> Exercise brief:
Where the listing shows an image, skip it and output all other material unchanged.

START Raw data

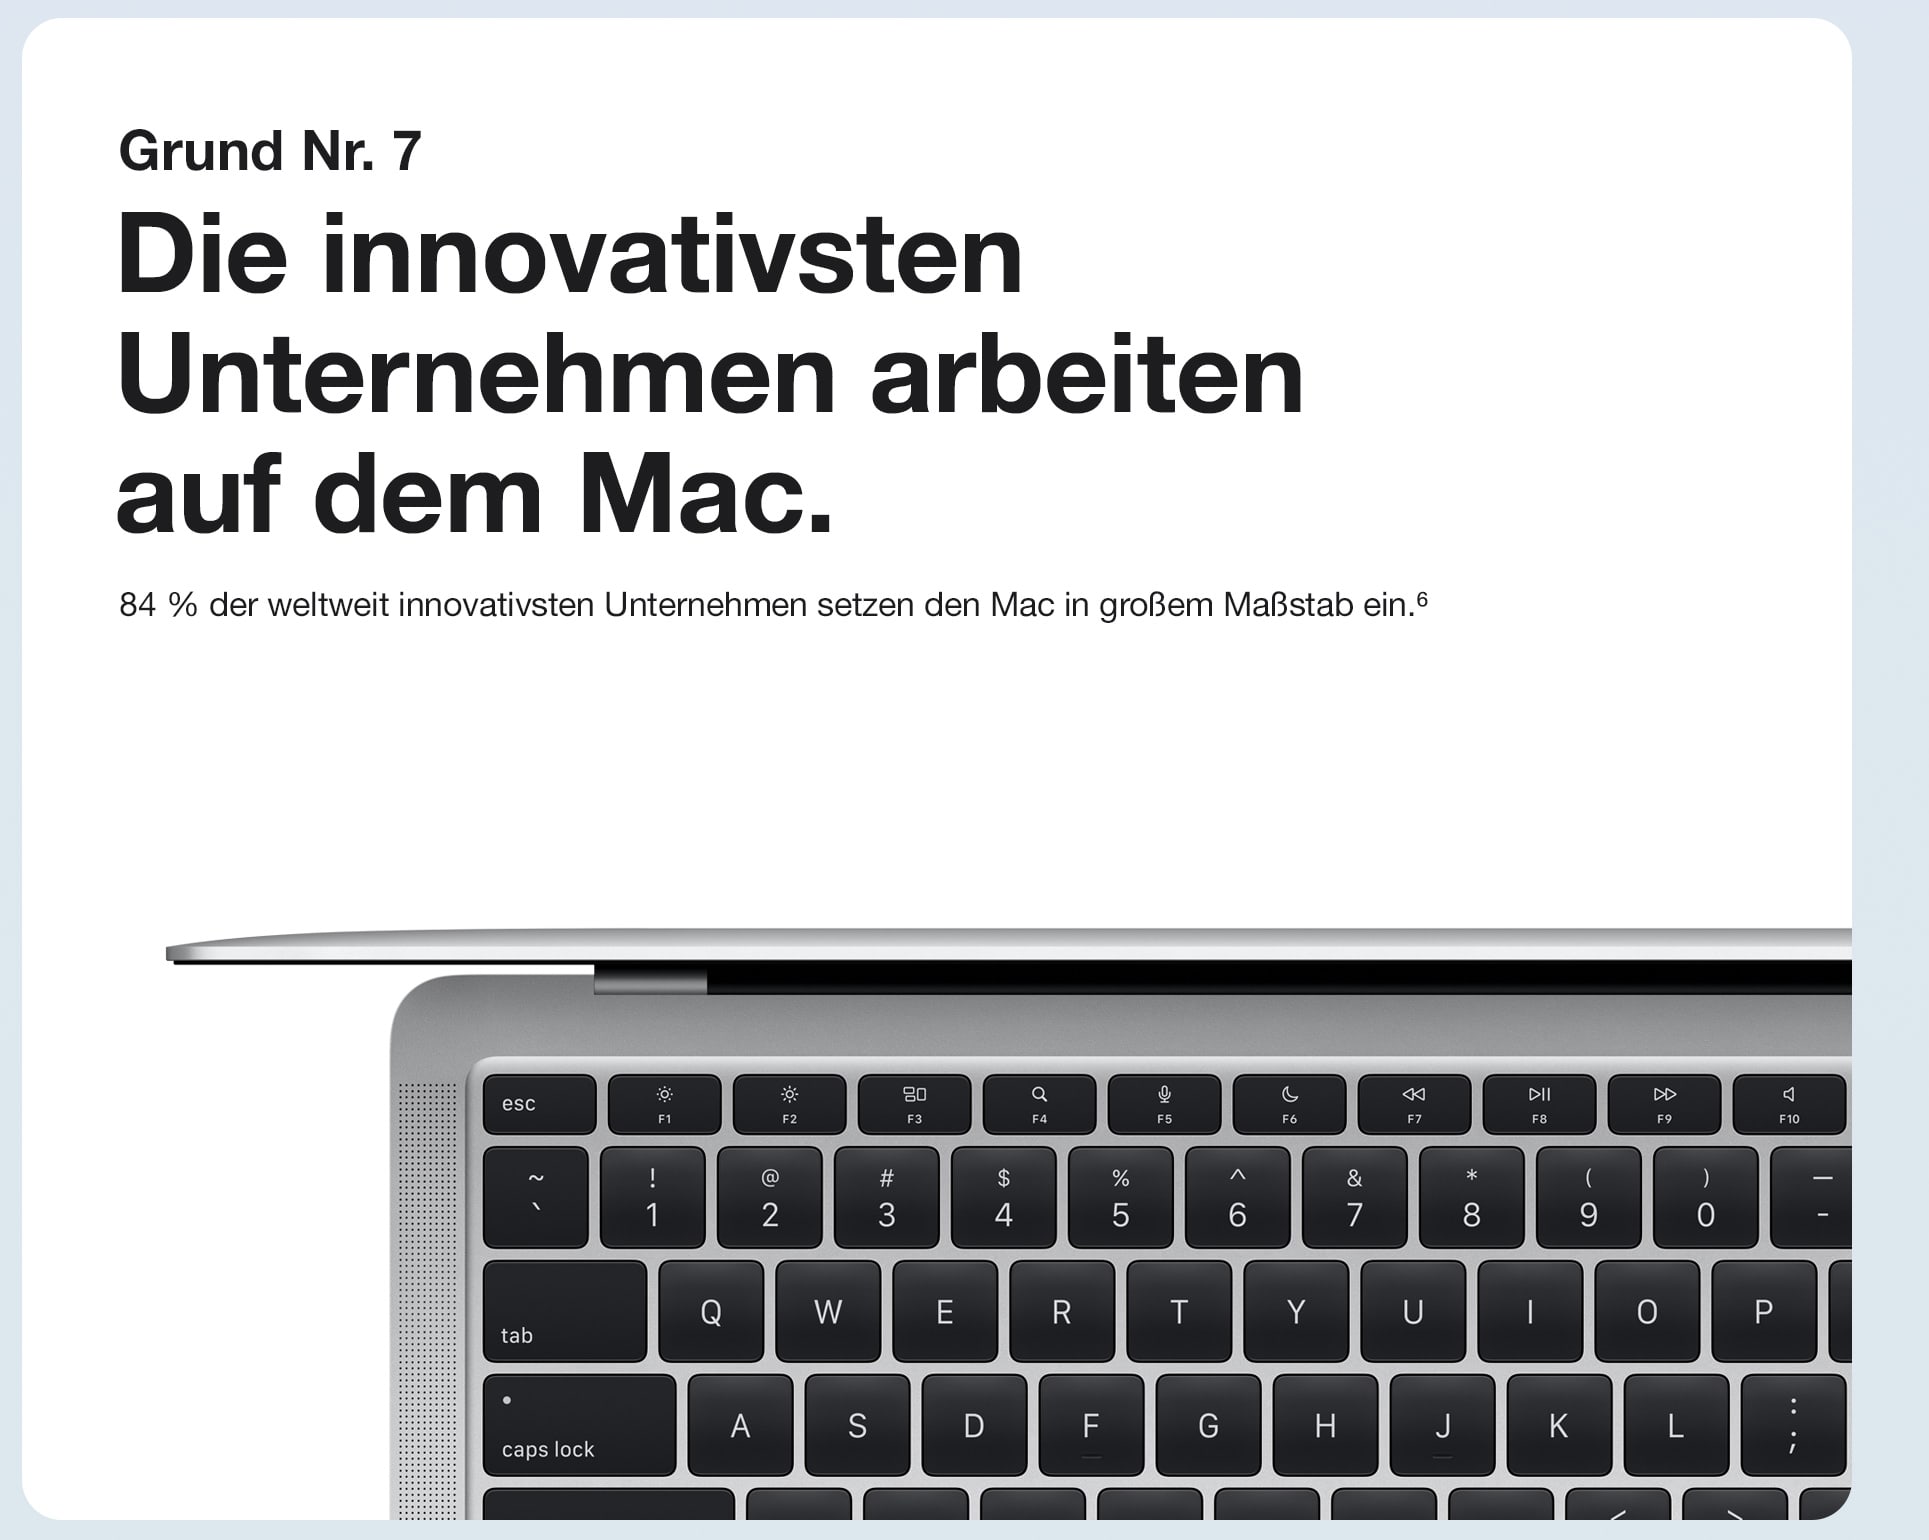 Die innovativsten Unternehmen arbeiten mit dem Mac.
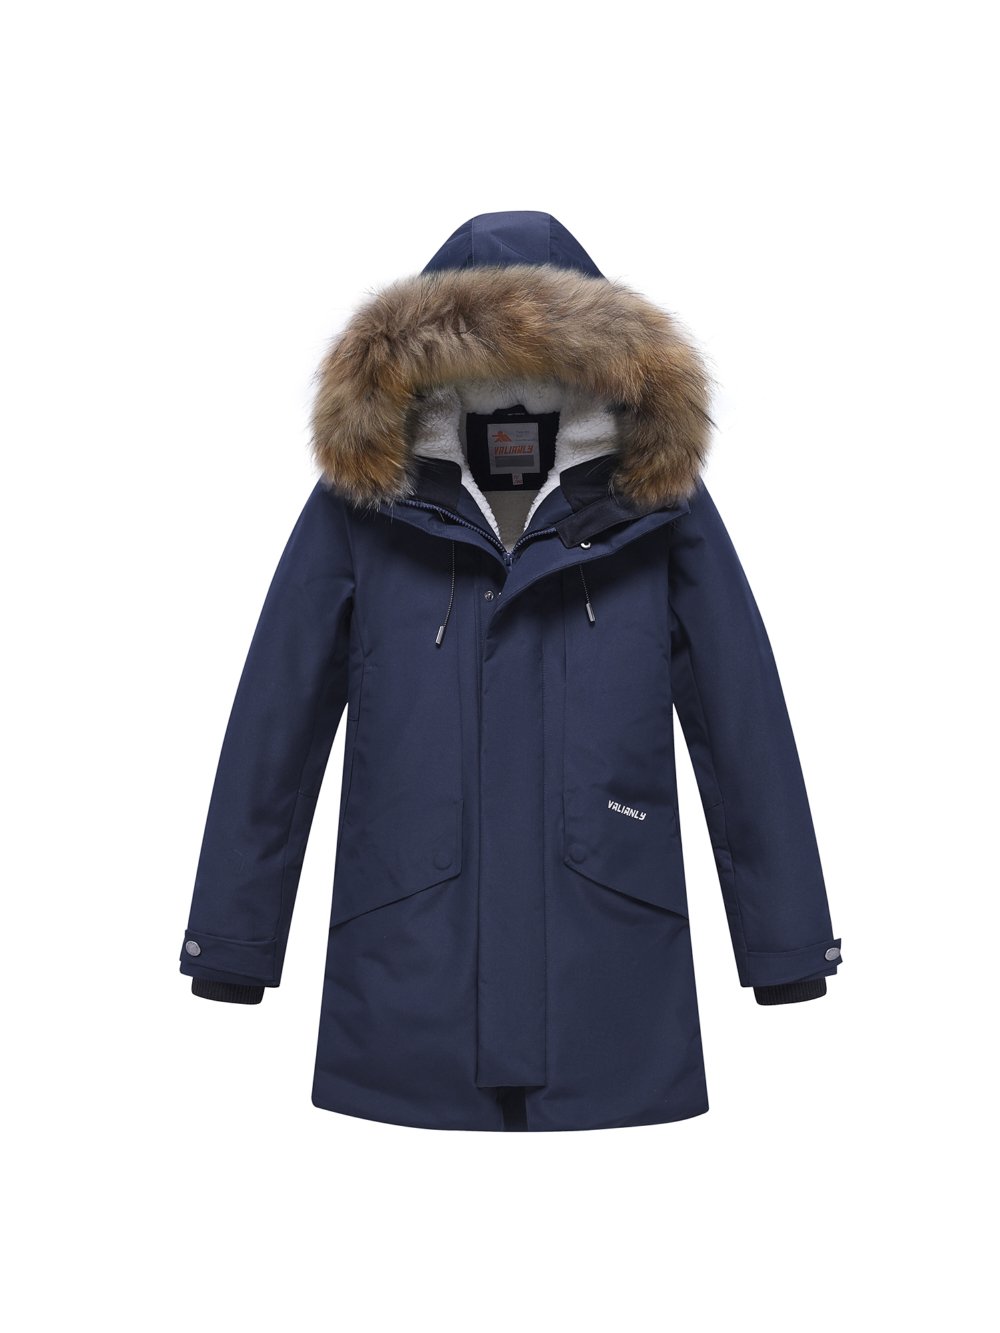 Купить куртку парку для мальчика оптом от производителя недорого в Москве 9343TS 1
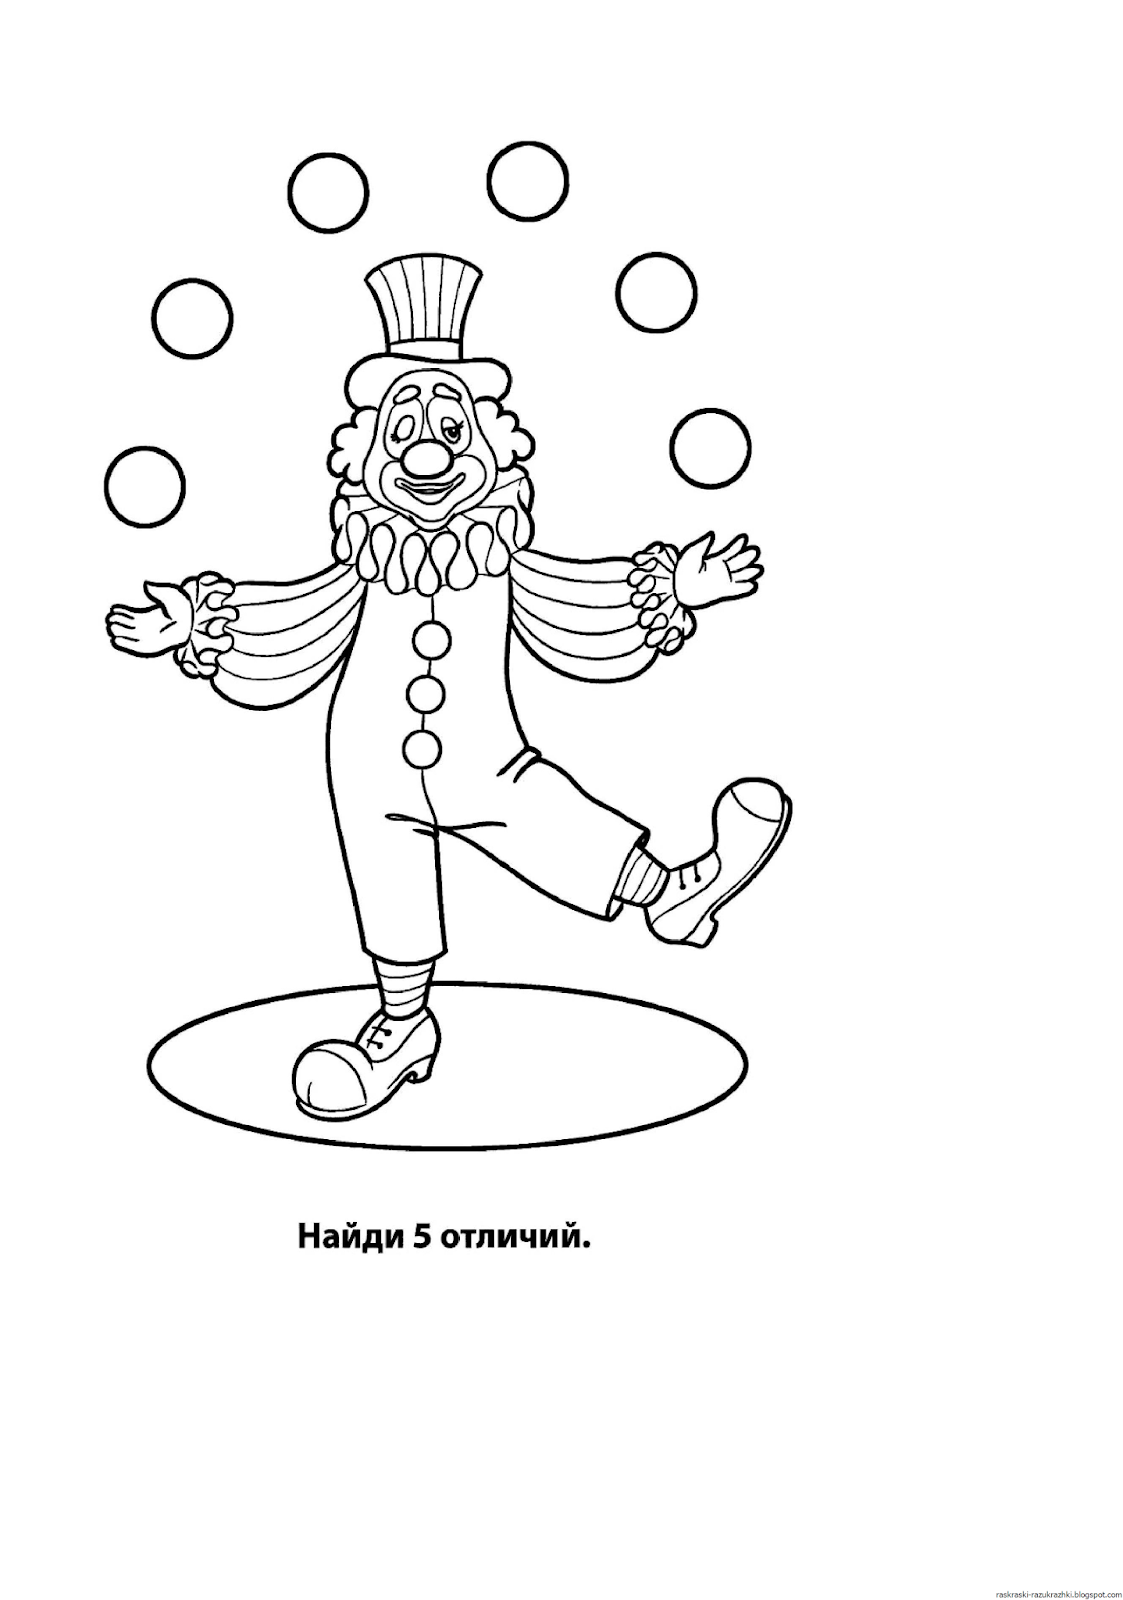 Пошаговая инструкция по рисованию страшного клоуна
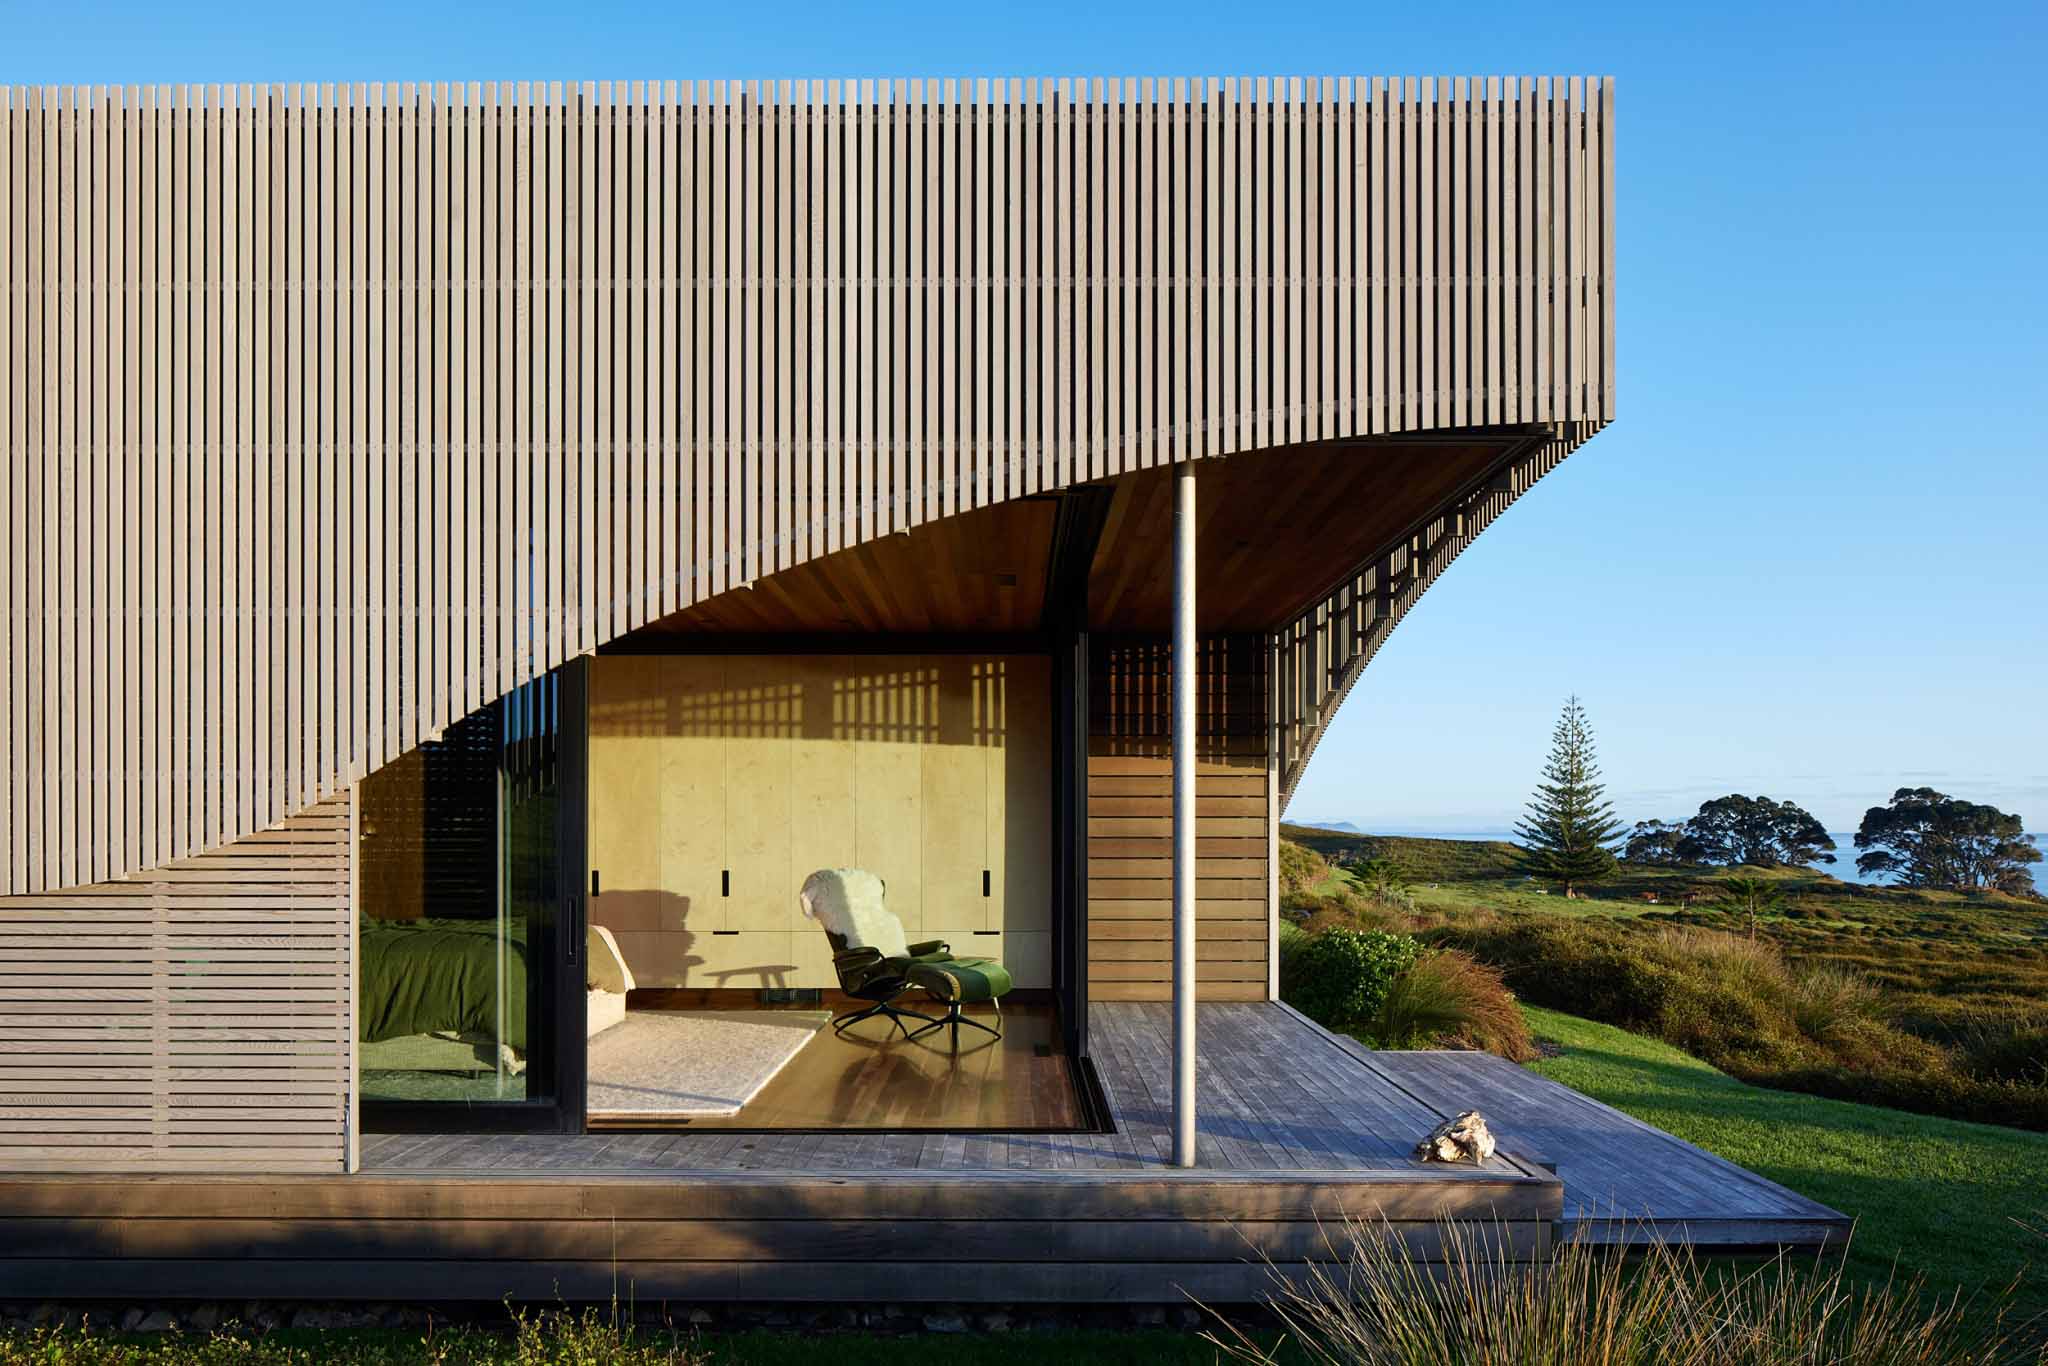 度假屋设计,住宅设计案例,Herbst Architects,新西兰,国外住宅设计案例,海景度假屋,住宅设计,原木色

END Raw data

> Result for this task:
 Die innovativsten Unternehmen arbeiten mit dem Mac.
 Купить куртку парку для мальчика оптом от производителя недорого в Москве 9343TS 1
 Пошаговая инструкция по рисованию страшного клоуна
 度假屋设计,住宅设计案例,Herbst Architects,新西兰,国外住宅设计案例,海景度假屋,住宅设计,原木色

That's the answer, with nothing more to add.